**TASK OBJECTIVE**
Without any pictures, output the records exactly as they are.

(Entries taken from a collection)
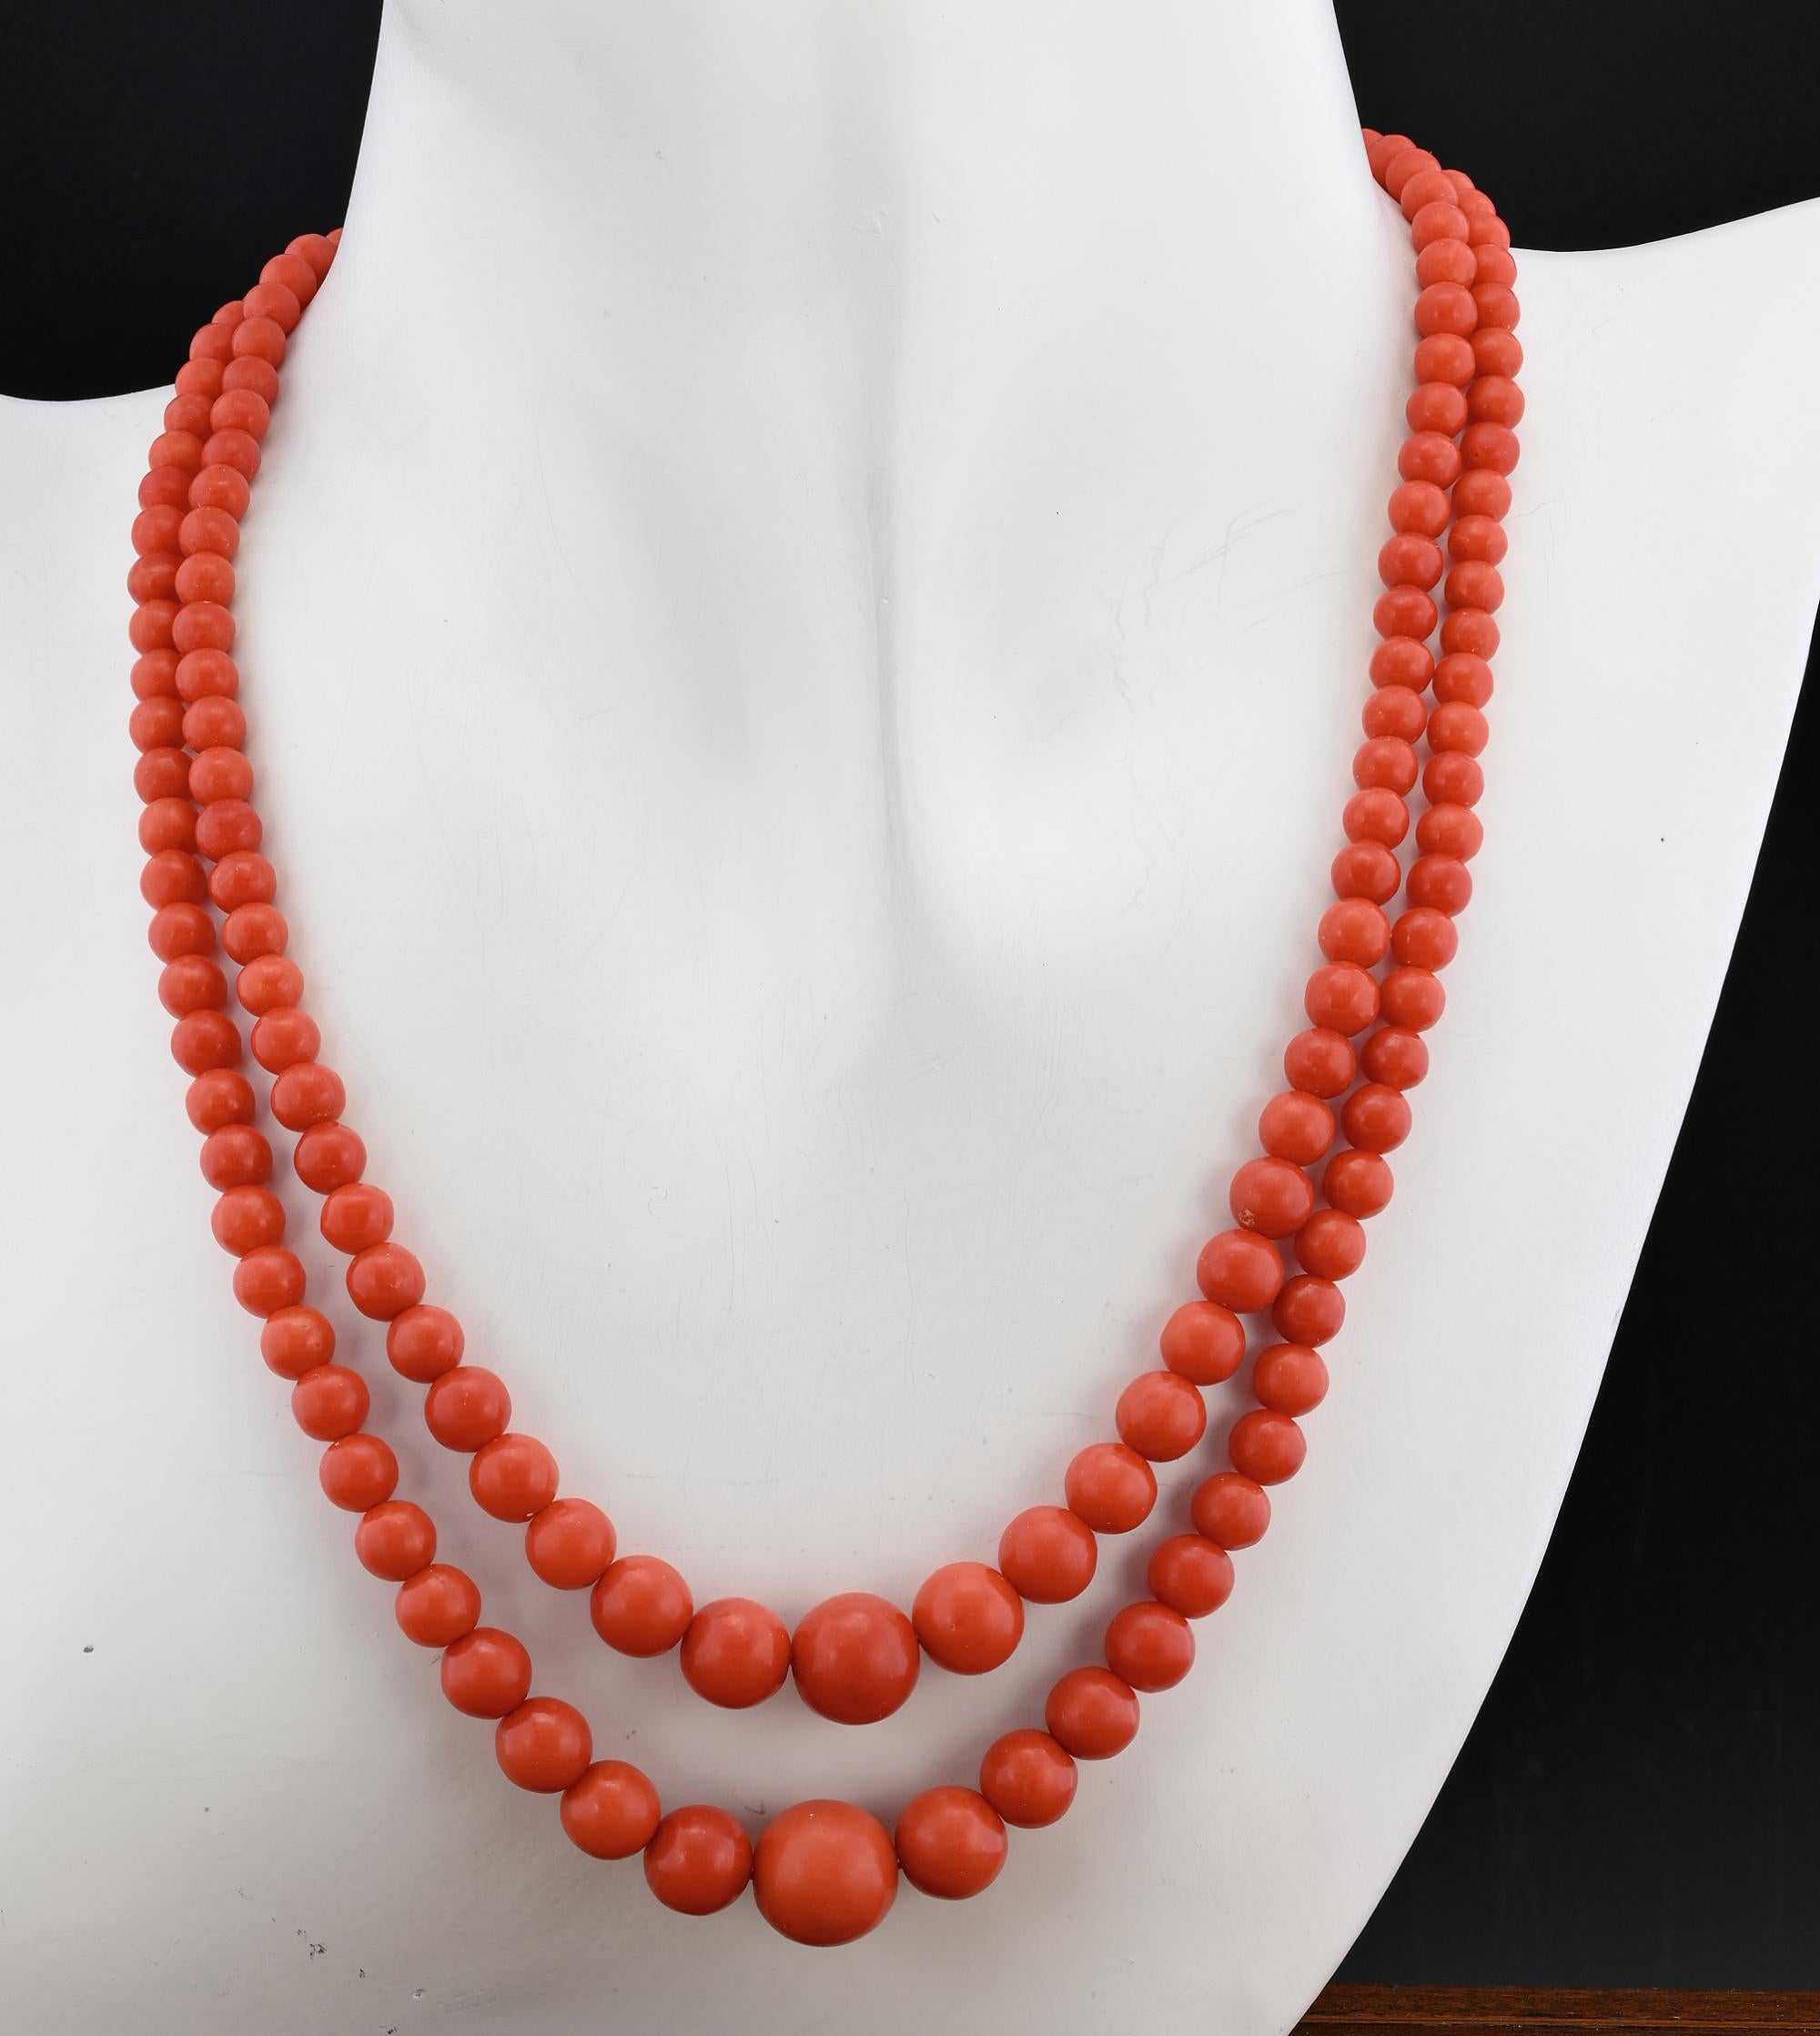 Charming antique Art Deco period double strand Coral necklace 1920 circa
Italian Mediterranean origin
Comprising two strands of natural untreated – no wax - not dyed Coral of stunning Red color, graduated beads ranging in sizes from 4 mm to 11 mm
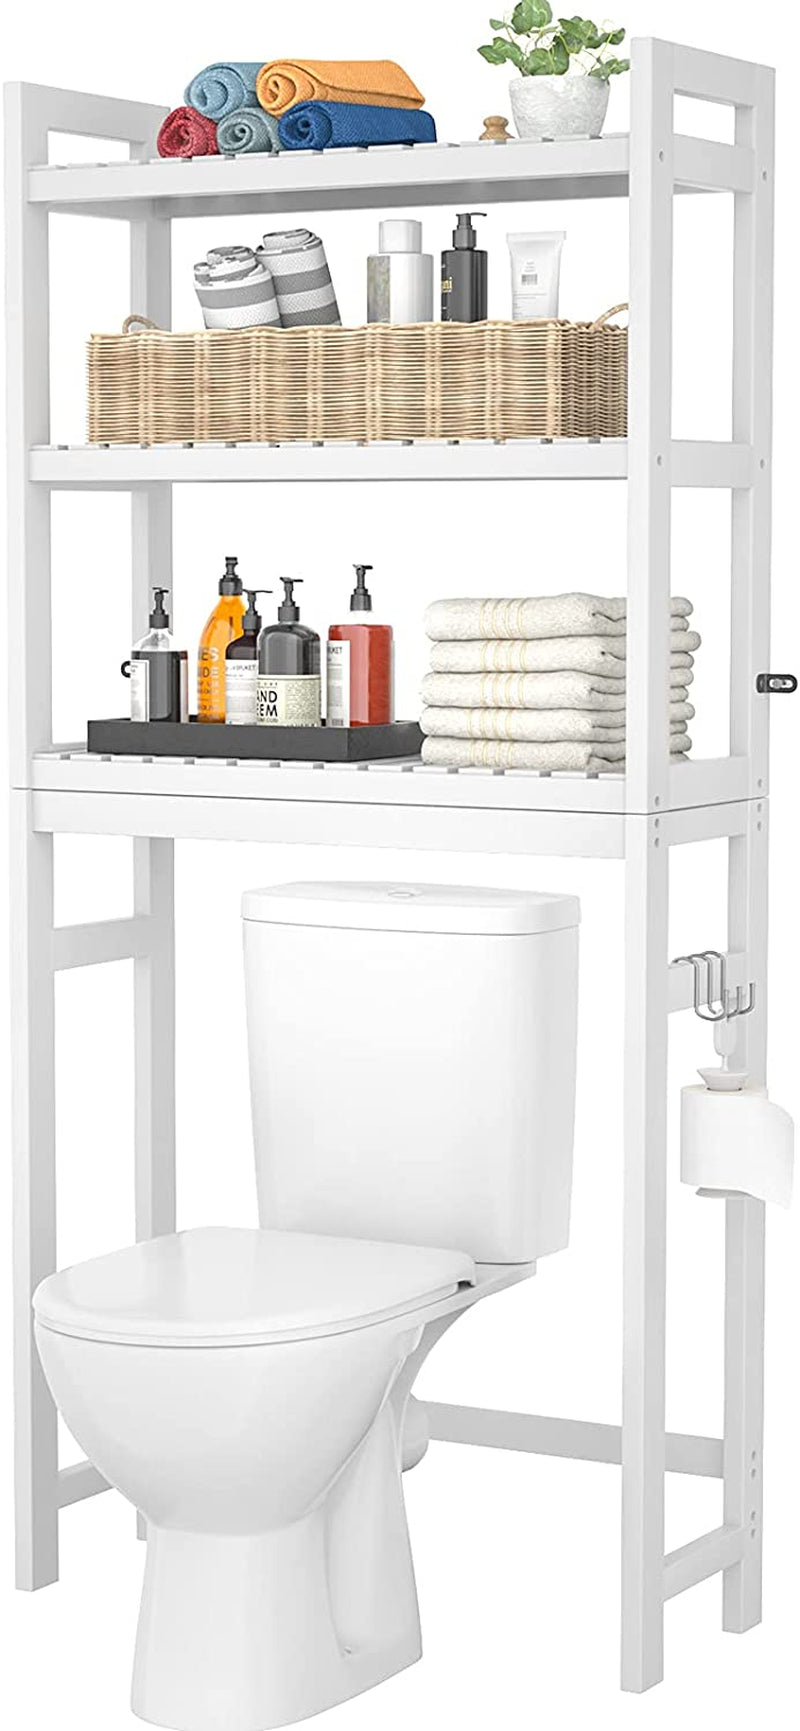 Over the Toilet Storage - Bamboo 3-Tier Over-The-Toilet Space Saver Organizer Rack
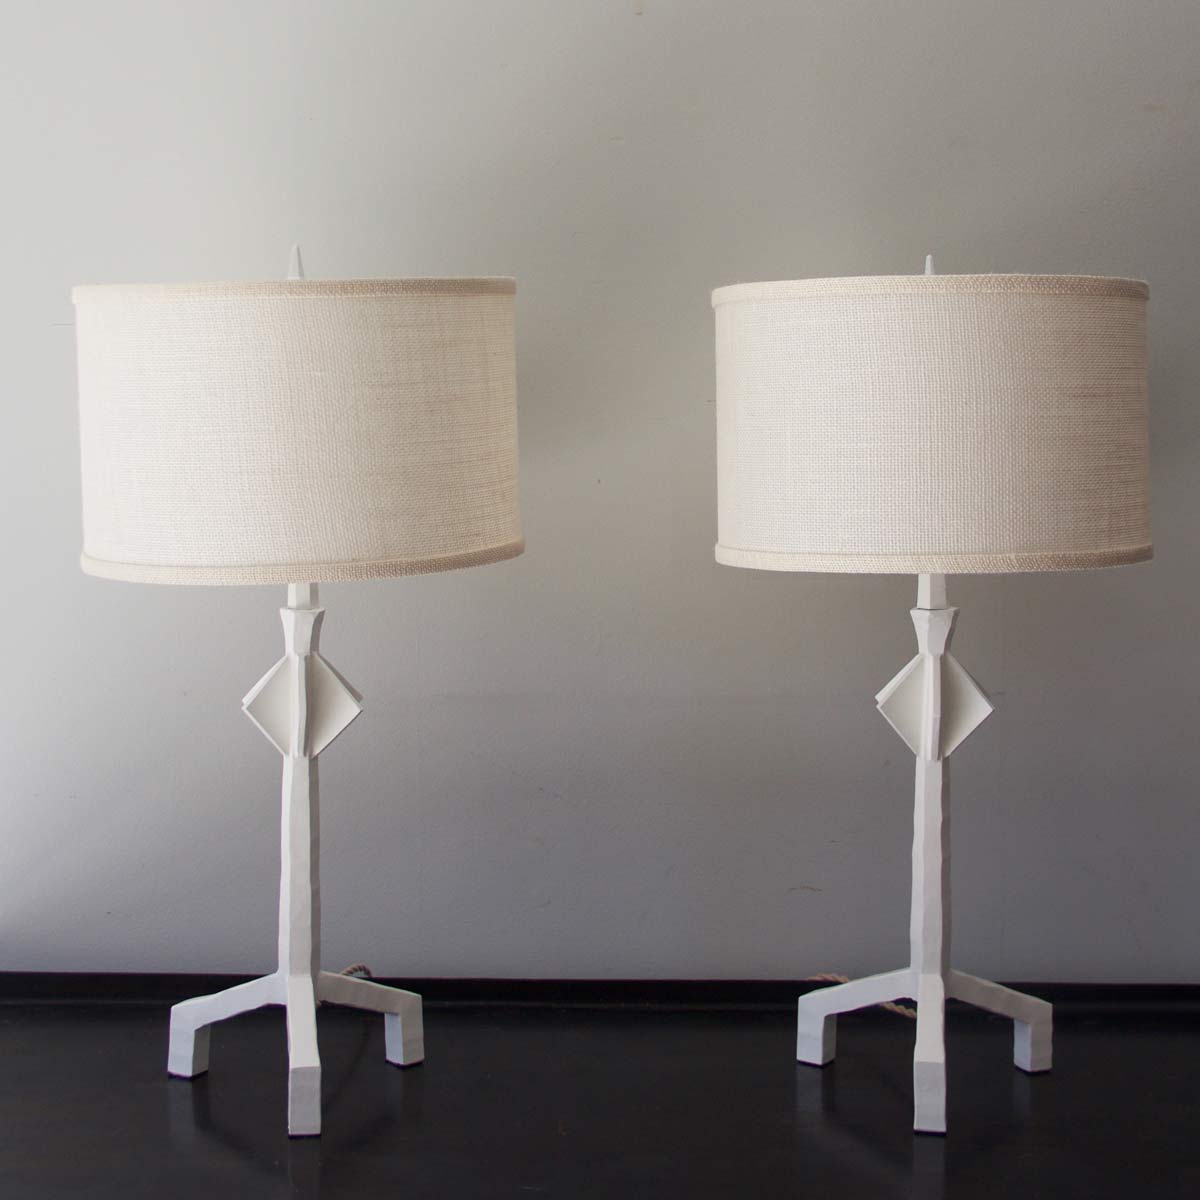 Gesso-White Painted Hand Forged Steel Etoile Style Table Lamps, each $1,200, RT Facts

**EXPECTED ANSWER**
 Charming antique Art Deco period double strand Coral necklace 1920 circa
Italian Mediterranean origin
Comprising two strands of natural untreated – no wax - not dyed Coral of stunning Red color, graduated beads ranging in sizes from 4 mm to 11 mm
 Over the Toilet Storage - Bamboo 3-Tier Over-The-Toilet Space Saver Organizer Rack
 Gesso-White Painted Hand Forged Steel Etoile Style Table Lamps, each $1,200, RT Facts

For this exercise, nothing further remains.